First, the server background
One 4-core server
Jieba participle problem exploration
In this case, it is mainly aimed at tracking the hot spot of the daily chat record of the players. The technical level is not difficult, which is nothing more than cleaning the statements of the players, segmentation words, and theme extraction and other conventional processes. However, the difficulty is how to store the huge data of player chat records and perform conditional filtering while ensuring the query efficiency.
Celery asynchronous tasks
Celery is a simple, flexible and reliable distributed system that handles large numbers of messages, focuses on real-time processing of asynchronous task queues and also supports task scheduling, with a worker being a daemon.
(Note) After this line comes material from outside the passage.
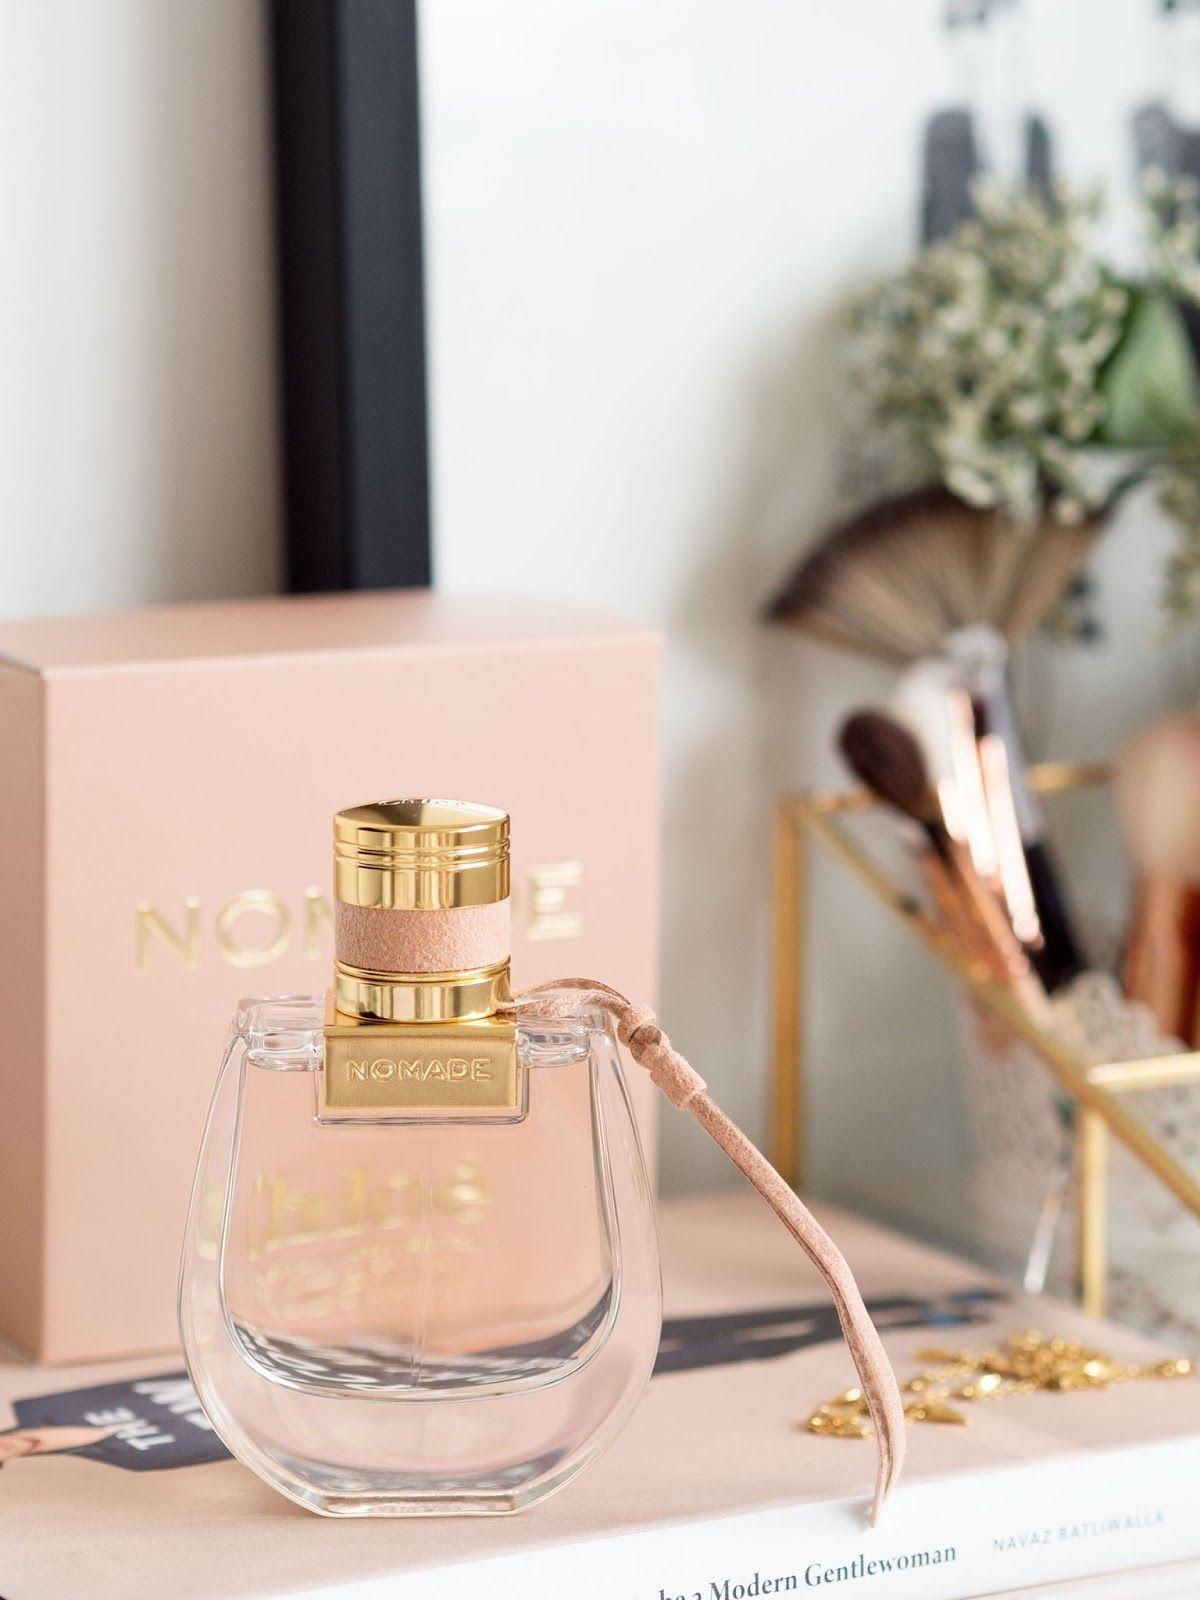 Parfum Perfume In Nomade Chloe Eau 2019Fragrances De dBoCxWer

The Celery architecture consists of three parts, the message middleware, task execution unit and task execution result store. The structure I use is Celery+Redis. Celery uses workflow mode (group+ Chord) Redis to store message task parameters as well as workflow data store.
Celery tasks build
1. Due to the large chat record, jieba.lcut takes a long time in a single process task, so the task is considered to be divided. There are a variety of segmentation methods. Here only the one used in the case is introduced. First, the day is the segmentation point, and then the second segmentation is based on the player’s level.
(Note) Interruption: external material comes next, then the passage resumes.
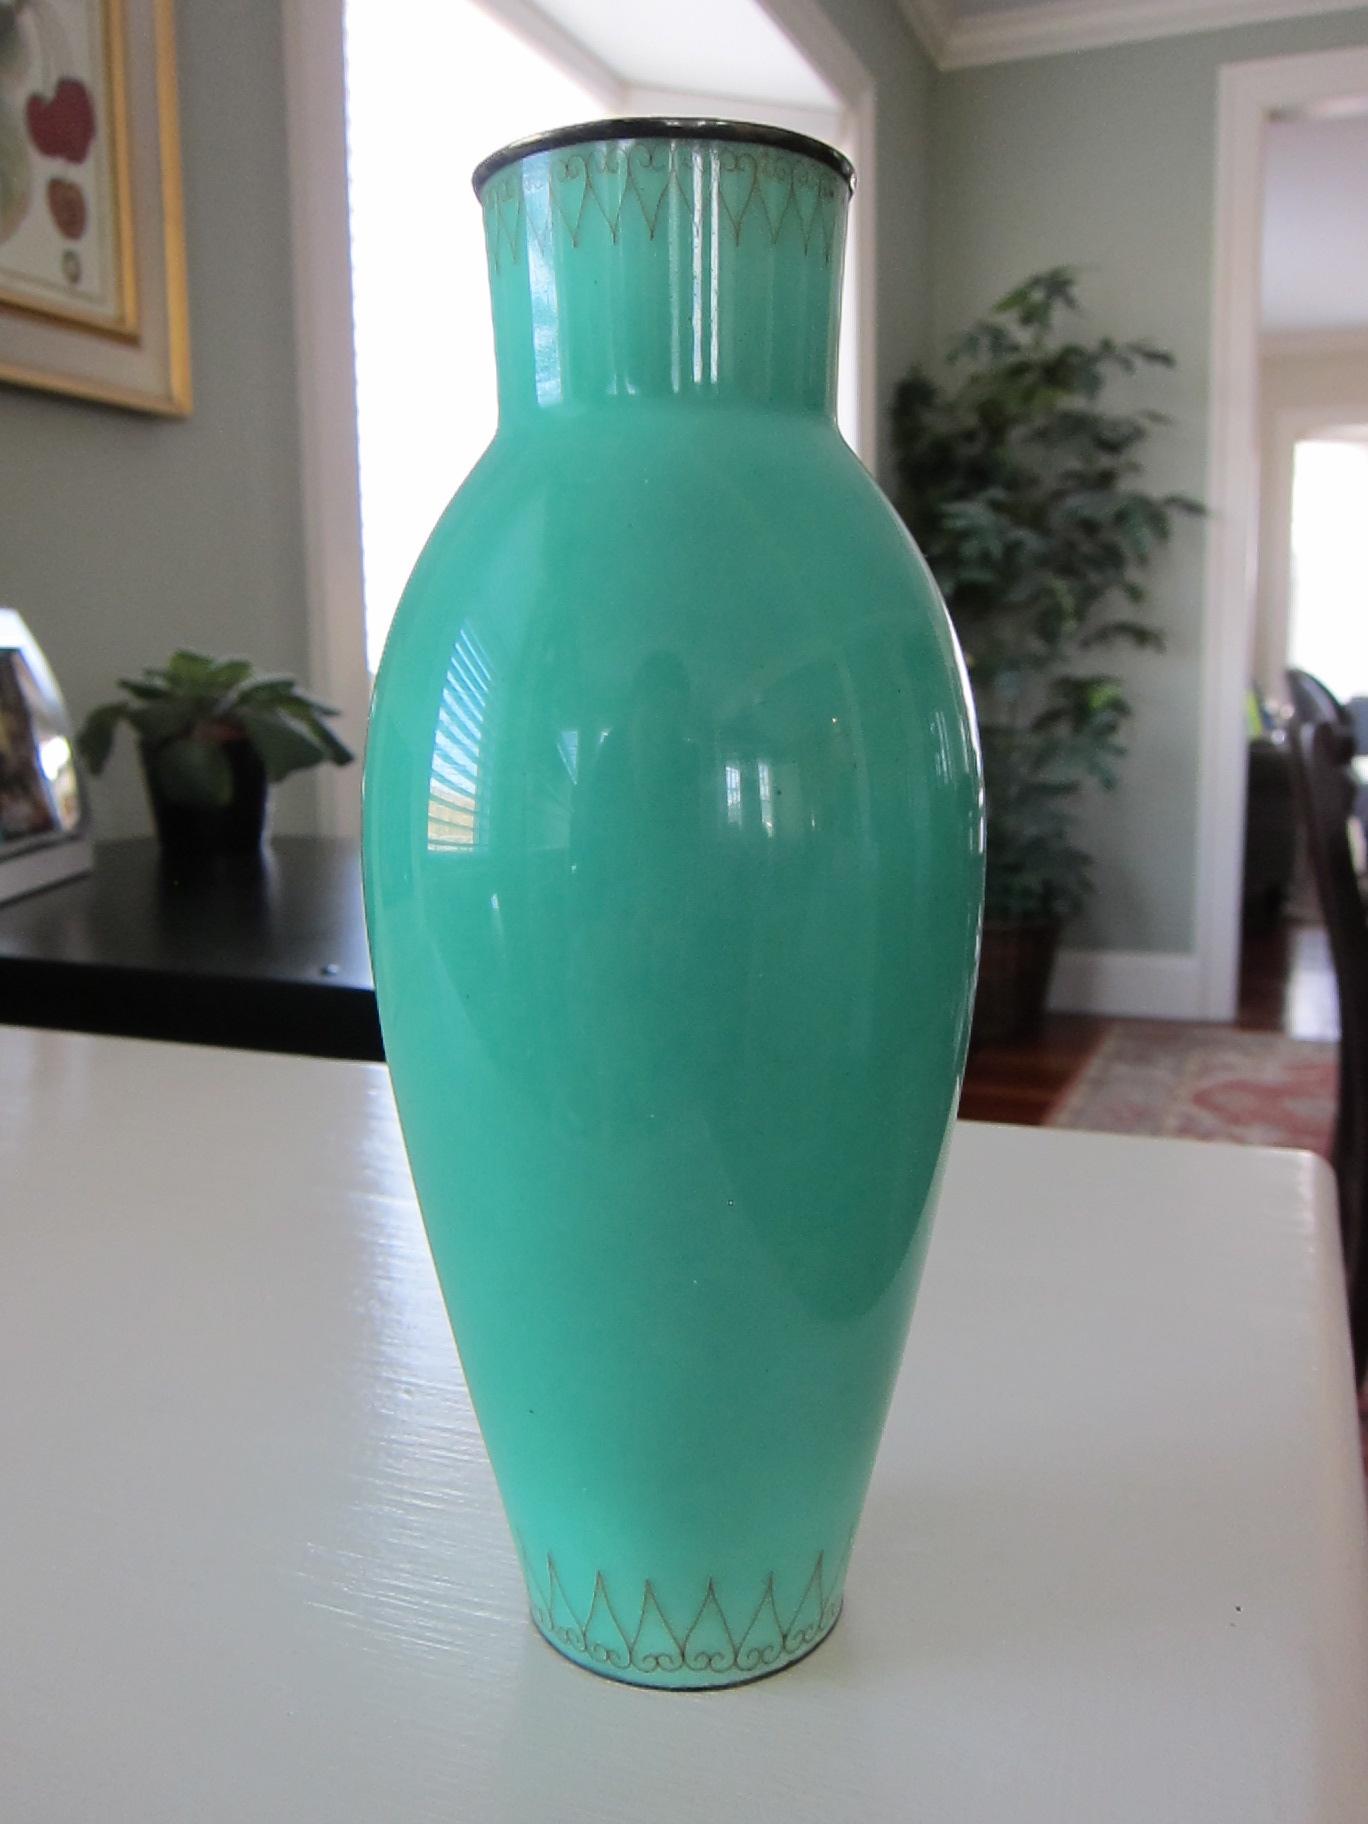 Green Ceramic Vase - Full View

For example, the general task is to check the hot ranking of players’ chat records in 20200406 and 20200407. In this cut, the days will be cut with players’ levels and divided into 4 workers, worker_1: Worker_3:20200407 worker_4: 20200407 Chat logs of level 451-900 players
Celery. Group all tasks in parallel
Group ([WORKER_1, WORKER_2, WORKer_3, WORKer_4])
Celery. Chord for workflow tasks
Chord (Group ([WORKer_1, WORKer_2, WORKer_3, WORKER_4])) The main purpose of this step is to summarize the cutting data of all levels and segments for each day and finally calculate the hotspot ranking.
Note: When using workflow mode, it should be noted that workflow mode will transfer the data of the previous step to the next step, and the data returned by the previous step should be controlled well, because too much data will affect the execution efficiency of the overall task
5. Mission execution
1. Start the worker
Since the test machine has only 4 cores, jieba participle mainly occupies CPU consumption, so the number of workers is directly pulled to the full. Start 4 workers, queue name celery_test celery -A main worker -n celery_test -c 4 -l info -q celery_test
2. Task execution results
During the task execution, 4 workers were busy with CPU usage
At this point, the task seems to have been completed, but this seems to have little to do with the title?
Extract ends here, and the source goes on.